Andy: We’ve talked quite a bit about the shift that the church has been making and this movement toward the outposts model. Can you tell us a little bit about the outpost model and how that came to be?

Chris: Essentially, it’s a small group of people. We’ll get you a TV, a soundbar, a folding table, whatever you guys need to get together and do church in your driveway or your backyard or wherever you want to do it. Then just be a good host; be as hospitable as you can to a group of people who are feeling stressed. This might be their one sort of social outing for the week.

Let’s keep it to about 15 people from our community and leave room for about 10 more people from our neighborhoods or workplaces, whoever it is that we can invite to be here and be with us. It was a real opportunity for us to help our people learn how to do both discipleship and evangelism. So that was kind of the heart behind the outpost: trying to fill a need that a lot of people had in their life with being as safe as possible.

People sit in lawn chairs on a driveway while watching and discussing a church service together.

During the COVID-19 pandemic, Christ Community Church started meeting in “outposts,” small groups that meet in driveways or backyards to do church together.

So let’s talk about that—let’s talk about the fruit. What are you seeing as outposts are beginning to take root?

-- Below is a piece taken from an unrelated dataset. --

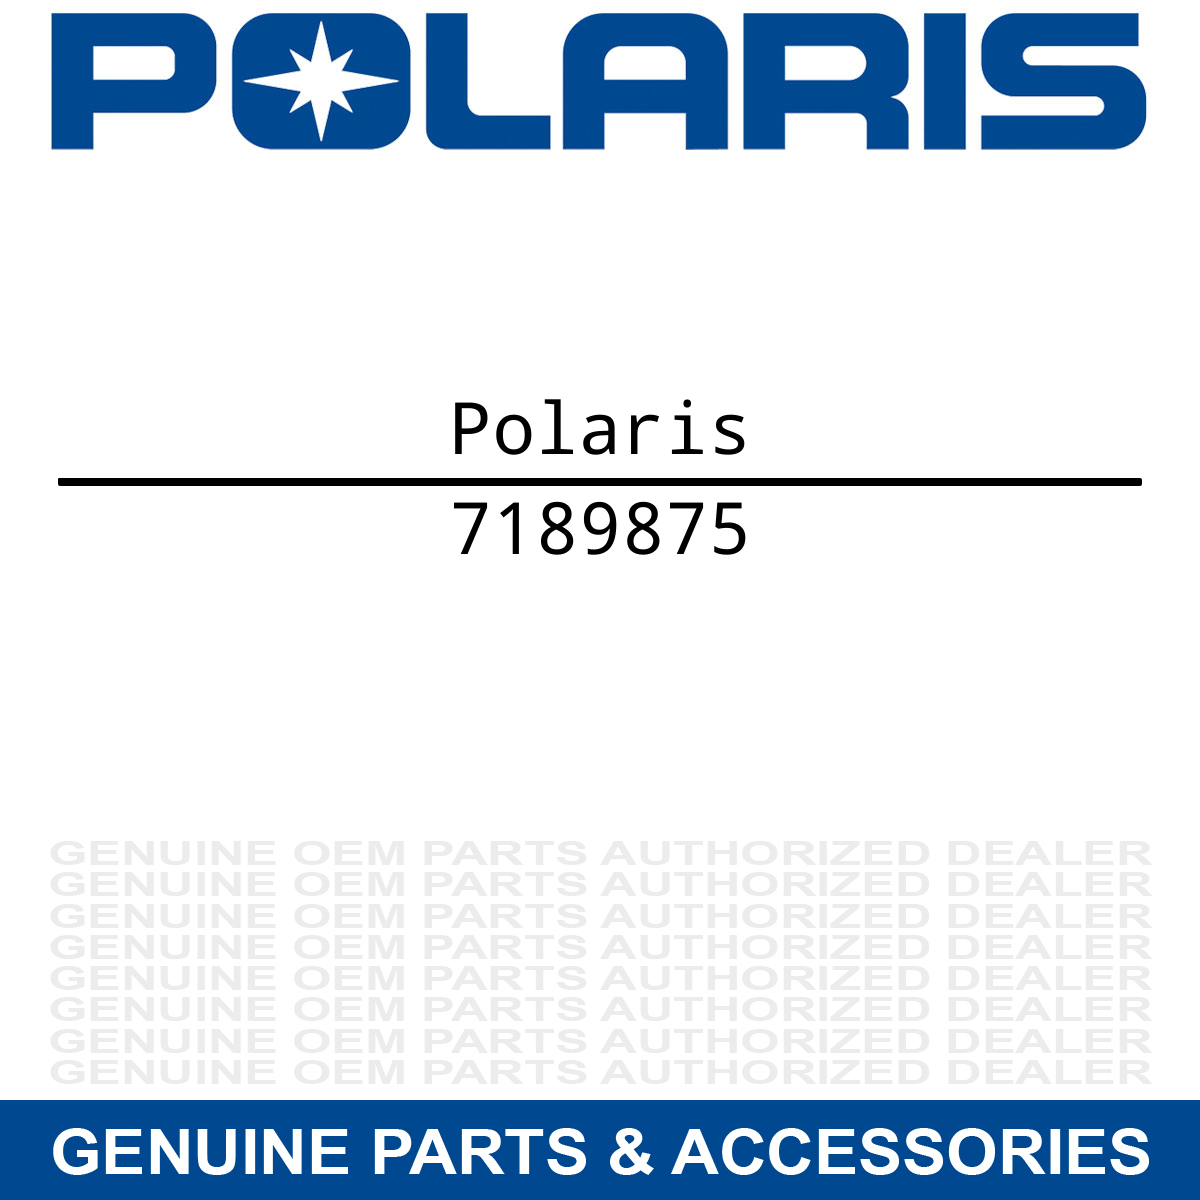 Polaris 7189875 Right Hand "Polaris" Side Panel Decal
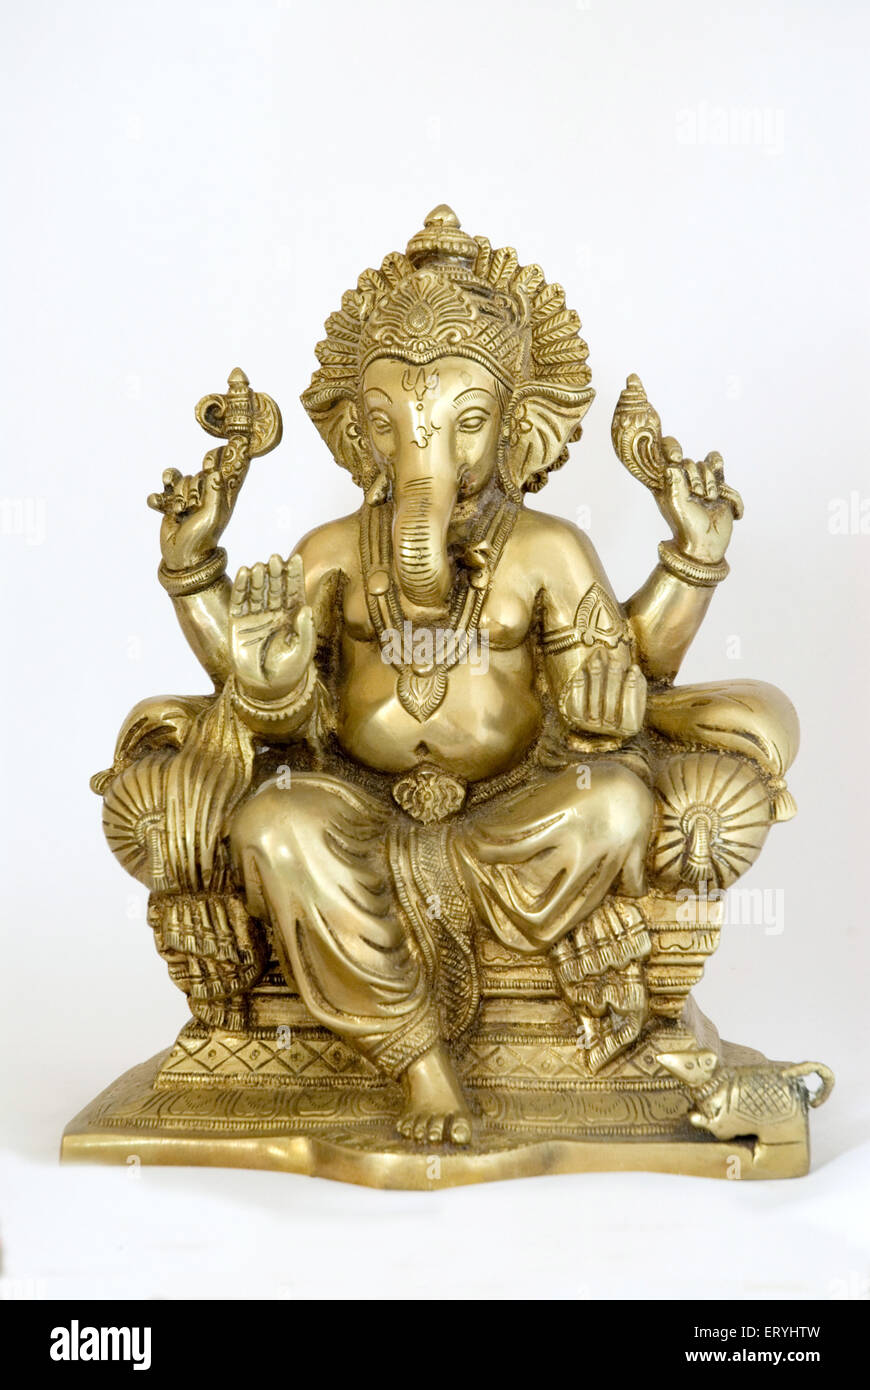 Brass statue of lord Ganesha elephant headed god ; India Stock Photo

We’re seeing people who went to church together, who lived in the same cities, who didn’t really know each other, now getting to know each other.

Seeing that their neighborhood is getting smaller—connections are a lot cooler, watching text group communications with anywhere from memes and hilarious things happening to “Hey, my grandma found out that she has a brain tumor and I would love for you all to pray for us.”

We’ve seen people invite their neighbors, or at least have a conversation because they either have a sign out in their front yard or have invited them. We’ve had people that have been disenfranchised or stepped away from the church for a long time and are very mistrusting of the church as an establishment, want to come and hang out at their neighbor’s house because they need community just as much as anybody else.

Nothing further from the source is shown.